Learn Thompson Sampling by Building an Ad Auction!

Thompson sampling is an optimization technique frequently used to solve multi-armed bandit problems, where we choose an action probabilistically based on the probability of it offering the highest reward. This technique is useful whenever we are faced with choosing among multiple actions and we are not sure of the reward for each choice. Additionally we assume that we have the ability to learn more information as we make repeated actions.

By the end of this post you’ll be able to implement the optimization seen here!

By the end of this post you’ll be able to implement the optimization seen here!

In this post we're going to look at a problem of running an online Ad auction where potential advertisers bid for space on our website. Unlike an ordinary auction, where the dollar amount of the bid alone is enough to price the value of the bid, in an ad auction we also have to consider the unknown rate that the advertisement is actually clicked. This makes for a great real-world example where Thompson sampling is very useful.

Running an ad auction

The way web advertising usually works is that you get paid every time someone clicks on an advertisement on your website. There are typically many different people vying for space on your site. How do you decided who gets this space? You run an auction!

I've worked in ad-tech and the truly remarkable thing about this process is that nearly every time you load a page that displays ads an auction takes place while the page is loading (typically in less than 100 ms) to decide which ad to show to you!

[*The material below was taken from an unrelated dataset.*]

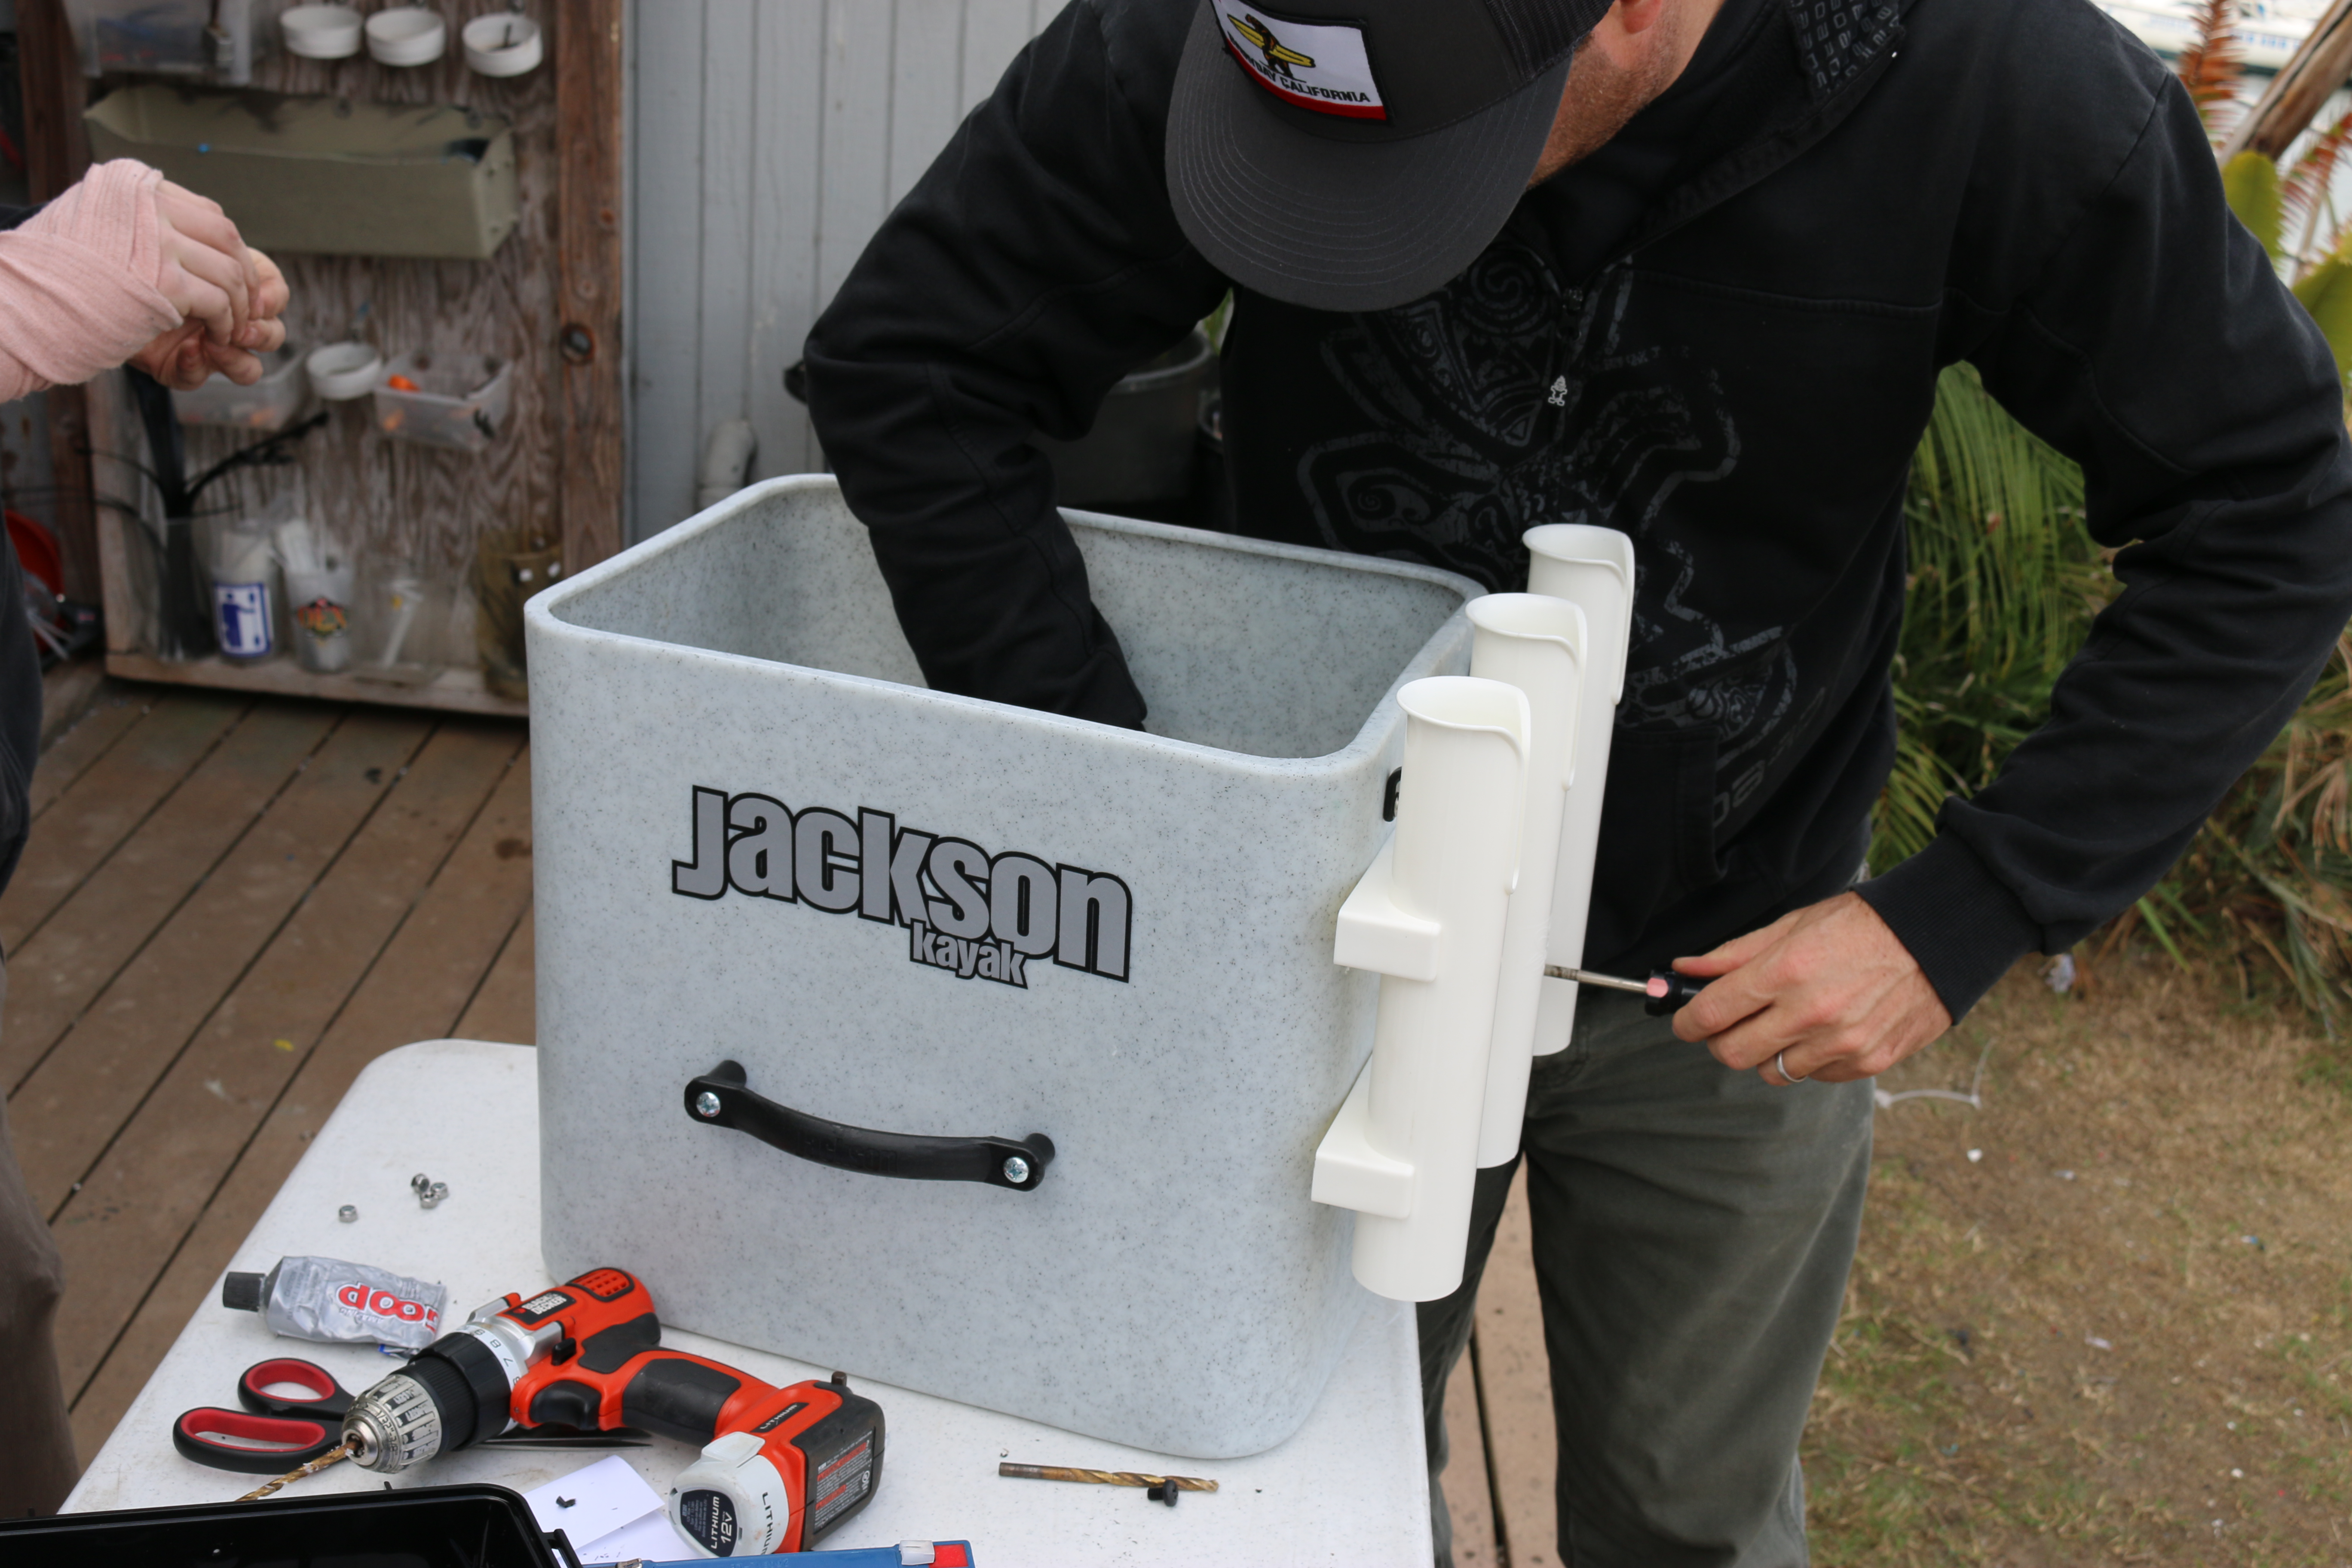 Turn a Jackson JKrate into an awesome Kayak Bait tank

The remarkable part of this is that a huge amount of information goes into both making a bid and choosing an ad. From the bid side of the process you want to use all the information you have about the website and the person viewing (this is where Facebook and other companies can make money from all the information they have on you). However even running the auction can have a lot of unexpected complexity.

Suppose for example you receive the following bids for the banner ad on your website:

aution_bids.png


Easy decision right? BuyMyStuff has the highest bid per click so we choose them. But remember that we only get paid per click on the ad. This brings up another essential piece of information: Click Through Rate


Click Through Rate and Expected Value

The probability that a visitor to your website clicks on the ad is the Click Through Rate (CTR), and this is an essential part of the auction bid's potential value. This is because we only get paid when someone clicks the ad. If someone is willing to spend a million dollars per click on an ad that no one will click we don't make any money no matter how much the advertiser is willing to pay!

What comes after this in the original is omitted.